• [WHAT YOU NEED TO DO] Beginning with the line that contains "Fuel. - $208.92", transcribe every line through the end of the entries exactly as written, and reproduce nothing else.

::::::

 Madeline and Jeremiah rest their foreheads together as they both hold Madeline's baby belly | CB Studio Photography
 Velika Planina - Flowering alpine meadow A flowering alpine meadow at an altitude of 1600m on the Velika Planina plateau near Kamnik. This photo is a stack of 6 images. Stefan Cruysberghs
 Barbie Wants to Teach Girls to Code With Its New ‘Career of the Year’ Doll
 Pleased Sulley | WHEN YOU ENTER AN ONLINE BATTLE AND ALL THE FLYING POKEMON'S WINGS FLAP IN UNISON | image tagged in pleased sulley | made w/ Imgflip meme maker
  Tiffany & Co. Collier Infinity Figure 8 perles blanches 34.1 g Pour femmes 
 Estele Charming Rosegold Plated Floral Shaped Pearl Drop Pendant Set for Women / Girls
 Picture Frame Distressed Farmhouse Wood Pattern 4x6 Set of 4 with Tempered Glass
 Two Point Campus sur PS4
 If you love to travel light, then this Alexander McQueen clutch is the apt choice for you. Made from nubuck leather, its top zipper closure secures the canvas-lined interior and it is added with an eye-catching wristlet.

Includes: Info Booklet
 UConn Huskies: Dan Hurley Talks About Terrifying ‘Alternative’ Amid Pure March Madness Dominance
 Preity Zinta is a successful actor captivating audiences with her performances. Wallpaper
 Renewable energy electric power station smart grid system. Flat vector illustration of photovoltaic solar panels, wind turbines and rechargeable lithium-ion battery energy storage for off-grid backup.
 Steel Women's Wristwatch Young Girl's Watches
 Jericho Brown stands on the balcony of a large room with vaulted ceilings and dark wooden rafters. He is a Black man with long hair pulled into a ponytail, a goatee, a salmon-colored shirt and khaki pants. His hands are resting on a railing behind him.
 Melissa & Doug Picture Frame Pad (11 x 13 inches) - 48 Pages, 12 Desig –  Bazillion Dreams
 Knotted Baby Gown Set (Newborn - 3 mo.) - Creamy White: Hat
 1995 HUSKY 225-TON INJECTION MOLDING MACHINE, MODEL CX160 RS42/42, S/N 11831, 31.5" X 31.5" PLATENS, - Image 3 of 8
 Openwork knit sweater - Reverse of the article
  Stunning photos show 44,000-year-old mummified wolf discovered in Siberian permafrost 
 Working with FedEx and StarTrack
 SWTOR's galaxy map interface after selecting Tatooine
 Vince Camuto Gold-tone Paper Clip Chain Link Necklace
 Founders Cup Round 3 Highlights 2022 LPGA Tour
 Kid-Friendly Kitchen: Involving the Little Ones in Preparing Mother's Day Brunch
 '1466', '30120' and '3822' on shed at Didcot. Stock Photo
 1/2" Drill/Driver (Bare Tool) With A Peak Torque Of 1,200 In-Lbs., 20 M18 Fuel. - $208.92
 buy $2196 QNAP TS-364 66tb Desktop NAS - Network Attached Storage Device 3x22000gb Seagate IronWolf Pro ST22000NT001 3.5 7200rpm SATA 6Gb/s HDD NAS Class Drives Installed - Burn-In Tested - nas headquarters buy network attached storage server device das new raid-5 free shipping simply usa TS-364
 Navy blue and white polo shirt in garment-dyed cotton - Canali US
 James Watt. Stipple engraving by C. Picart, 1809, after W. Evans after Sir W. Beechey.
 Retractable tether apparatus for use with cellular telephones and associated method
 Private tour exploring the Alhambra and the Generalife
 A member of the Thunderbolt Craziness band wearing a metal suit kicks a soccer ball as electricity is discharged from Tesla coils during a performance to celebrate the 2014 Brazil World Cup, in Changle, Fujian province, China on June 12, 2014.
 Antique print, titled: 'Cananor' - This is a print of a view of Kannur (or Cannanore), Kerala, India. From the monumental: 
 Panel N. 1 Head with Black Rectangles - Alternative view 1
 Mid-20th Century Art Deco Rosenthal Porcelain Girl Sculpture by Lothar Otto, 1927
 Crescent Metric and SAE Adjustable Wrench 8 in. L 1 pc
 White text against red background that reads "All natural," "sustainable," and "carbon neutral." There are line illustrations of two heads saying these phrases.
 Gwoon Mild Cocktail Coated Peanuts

::::::

• [EXERCISE RESPONSE]
 1/2" Drill/Driver (Bare Tool) With A Peak Torque Of 1,200 In-Lbs., 20 M18 Fuel. - $208.92
 buy $2196 QNAP TS-364 66tb Desktop NAS - Network Attached Storage Device 3x22000gb Seagate IronWolf Pro ST22000NT001 3.5 7200rpm SATA 6Gb/s HDD NAS Class Drives Installed - Burn-In Tested - nas headquarters buy network attached storage server device das new raid-5 free shipping simply usa TS-364
 Navy blue and white polo shirt in garment-dyed cotton - Canali US
 James Watt. Stipple engraving by C. Picart, 1809, after W. Evans after Sir W. Beechey.
 Retractable tether apparatus for use with cellular telephones and associated method
 Private tour exploring the Alhambra and the Generalife
 A member of the Thunderbolt Craziness band wearing a metal suit kicks a soccer ball as electricity is discharged from Tesla coils during a performance to celebrate the 2014 Brazil World Cup, in Changle, Fujian province, China on June 12, 2014.
 Antique print, titled: 'Cananor' - This is a print of a view of Kannur (or Cannanore), Kerala, India. From the monumental: 
 Panel N. 1 Head with Black Rectangles - Alternative view 1
 Mid-20th Century Art Deco Rosenthal Porcelain Girl Sculpture by Lothar Otto, 1927
 Crescent Metric and SAE Adjustable Wrench 8 in. L 1 pc
 White text against red background that reads "All natural," "sustainable," and "carbon neutral." There are line illustrations of two heads saying these phrases.
 Gwoon Mild Cocktail Coated Peanuts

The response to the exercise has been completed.